### The task
For the entries below, report every line that includes the word "Bedroom".

Source data
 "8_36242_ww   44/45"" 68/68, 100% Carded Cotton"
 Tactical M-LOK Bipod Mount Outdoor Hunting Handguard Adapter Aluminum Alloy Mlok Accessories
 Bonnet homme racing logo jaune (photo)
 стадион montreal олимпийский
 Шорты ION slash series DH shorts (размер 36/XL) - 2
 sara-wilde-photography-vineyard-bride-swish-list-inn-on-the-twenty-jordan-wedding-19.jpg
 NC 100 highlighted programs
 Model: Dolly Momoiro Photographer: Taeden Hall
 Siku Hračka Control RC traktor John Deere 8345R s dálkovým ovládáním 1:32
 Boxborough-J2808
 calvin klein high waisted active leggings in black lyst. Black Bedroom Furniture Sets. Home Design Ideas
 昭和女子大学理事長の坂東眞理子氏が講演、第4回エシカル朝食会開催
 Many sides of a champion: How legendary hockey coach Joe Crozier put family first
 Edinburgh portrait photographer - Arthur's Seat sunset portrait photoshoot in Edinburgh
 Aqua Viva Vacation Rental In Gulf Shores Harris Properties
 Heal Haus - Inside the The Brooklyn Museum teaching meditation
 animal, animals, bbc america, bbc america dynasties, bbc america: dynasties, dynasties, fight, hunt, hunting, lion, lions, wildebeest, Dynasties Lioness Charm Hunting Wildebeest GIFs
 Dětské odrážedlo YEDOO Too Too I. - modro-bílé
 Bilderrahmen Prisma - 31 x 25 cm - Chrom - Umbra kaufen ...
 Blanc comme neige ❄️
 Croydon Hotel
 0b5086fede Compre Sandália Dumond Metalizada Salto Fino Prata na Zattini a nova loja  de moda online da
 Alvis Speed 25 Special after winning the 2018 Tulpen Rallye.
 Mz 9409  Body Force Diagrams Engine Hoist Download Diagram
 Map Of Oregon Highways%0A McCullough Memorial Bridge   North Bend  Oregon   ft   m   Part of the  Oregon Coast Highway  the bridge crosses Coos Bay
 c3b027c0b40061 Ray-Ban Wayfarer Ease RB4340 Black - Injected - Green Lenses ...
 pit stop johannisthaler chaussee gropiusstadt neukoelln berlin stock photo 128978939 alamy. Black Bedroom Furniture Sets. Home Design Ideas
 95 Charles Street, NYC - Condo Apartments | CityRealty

### Expected answer
 calvin klein high waisted active leggings in black lyst. Black Bedroom Furniture Sets. Home Design Ideas
 pit stop johannisthaler chaussee gropiusstadt neukoelln berlin stock photo 128978939 alamy. Black Bedroom Furniture Sets. Home Design Ideas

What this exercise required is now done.